Sufficiency is a central concept in statistics that allows us to focus on the essential aspects of the data set while ignoring details that are irrelevant to the inference problem. If $$X\sim P_\theta$$ represents the entire data set, drawn from a model $$\cP = \{P_\theta:\; \theta \in \Theta\}$$, then this lecture will concern the idea of a sufficient statistic $$T(X)$$ that carries all of the information in the data that can help us learn about $$\theta$$.

A statistic $$T(X)$$ is any random variable which is a function of the data $$X$$, and which does not depend on the unknown parameter $$\theta$$. We say the statistic $$T(X)$$ is sufficient for the model $$\cP$$ if $$P_\theta(X \mid T)$$ does not depend on $$\theta$$. This lecture will be devoted to interpreting this definition and giving examples.

Example (Independent Bernoulli sequence): We introduced the binomial example from Lecture 2 by telling a story about an investigator who flips a biased coin $$n$$ times and records the total number of heads, which has a binomial distribution.

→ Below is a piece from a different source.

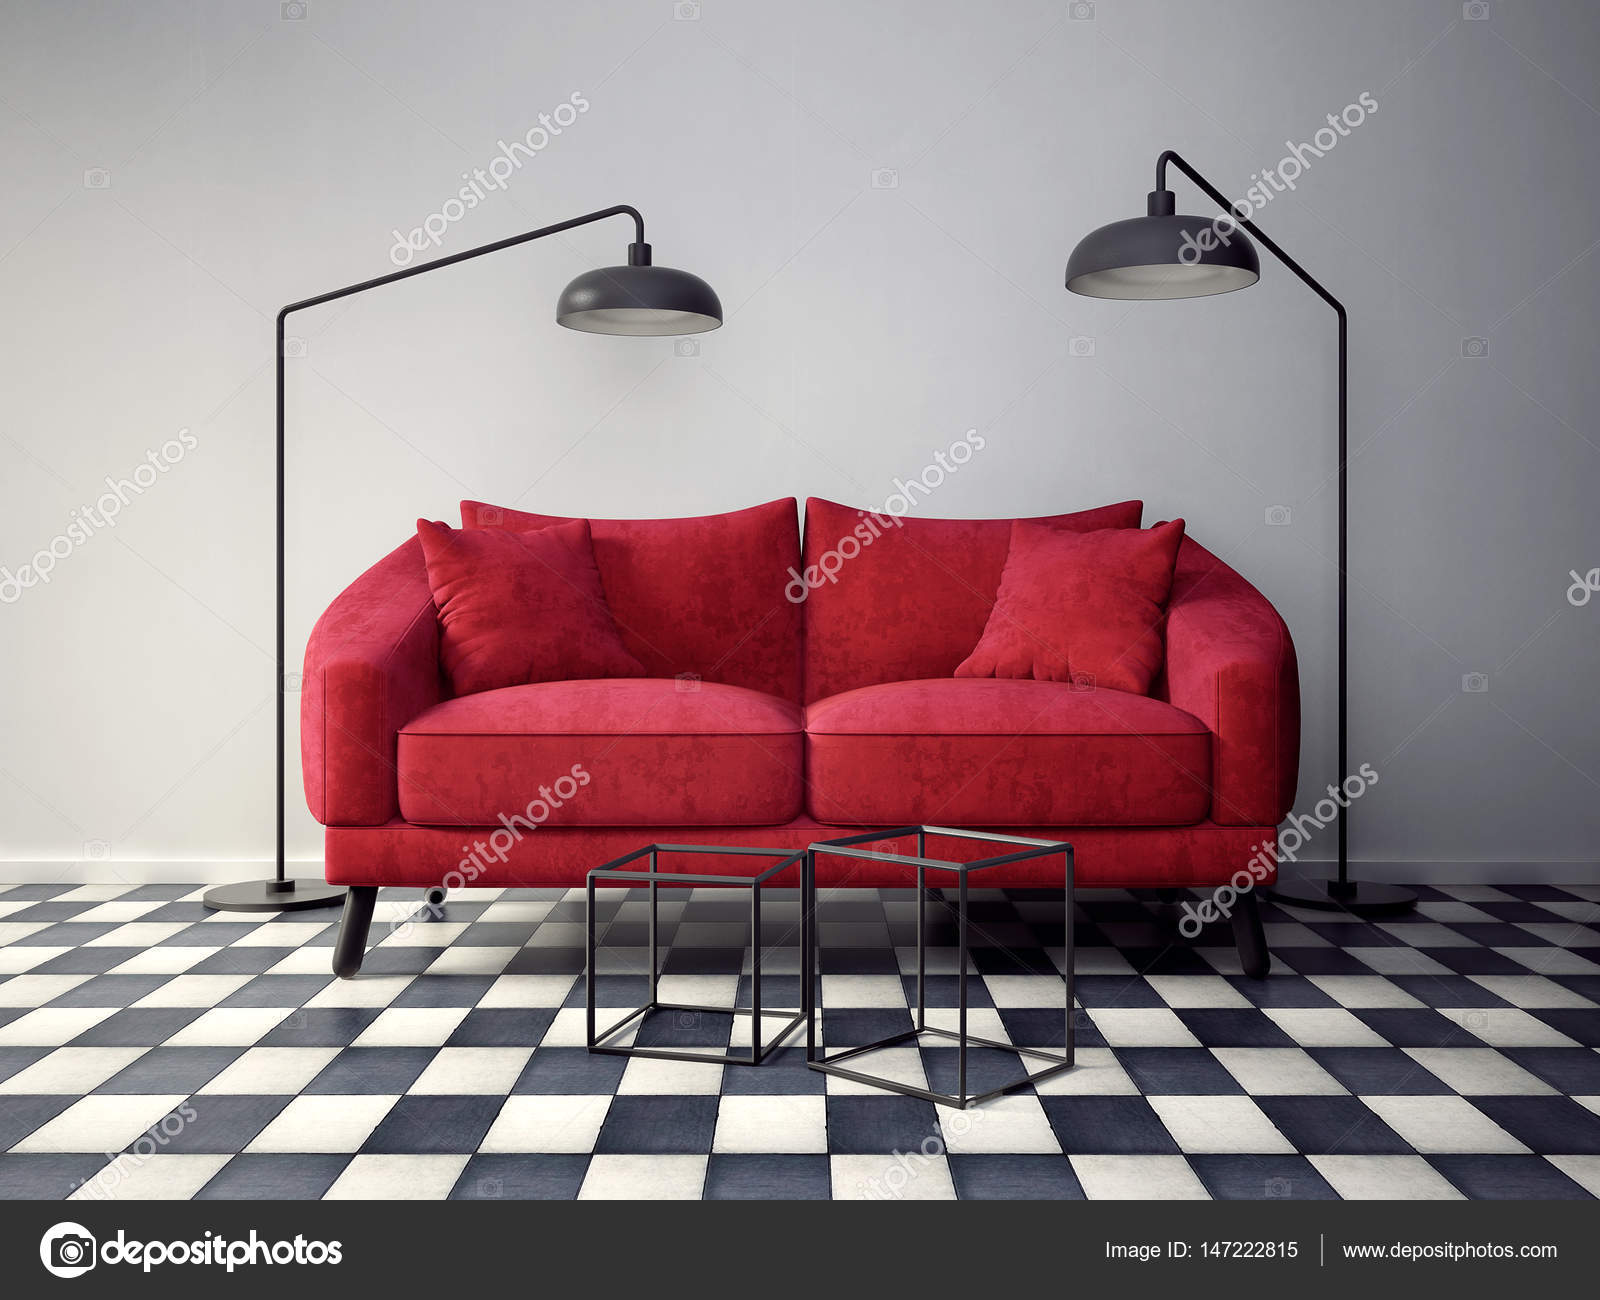 modernes Zimmer mit roten sofa — Stockfoto © alexroz #147222815

All of the estimators we considered were functions only of the (binomially-distributed) count of heads.

But if the investigator had actually performed this experiment, they would have observed more than just the total number of heads: they would have observed the entire sequence of $$n$$ heads and tails. If we let $$X_i$$ denote a binary indicator of whether the $$i$$th throw is heads, for $$i=1,\ldots,n$$, then we have assumed that these indicators are i.i.d. Bernoulli random variables:

$X_1,\ldots,X_n \simiid \text{Bern}(\theta).$

Let $$T(X) = \sum_i X_i \sim \text{Binom}(n,\theta)$$ denote the summary statistic that we previously used to represent the entire data set. It is undeniable that we have lost some information by only recording $$T(X)$$ instead of the entire sequence $$X = (X_1,\ldots,X_n)$$. As a result, we might wonder whether we could have improved the estimator by considering all functions of $$X$$, not just functions of $$T(X)$$.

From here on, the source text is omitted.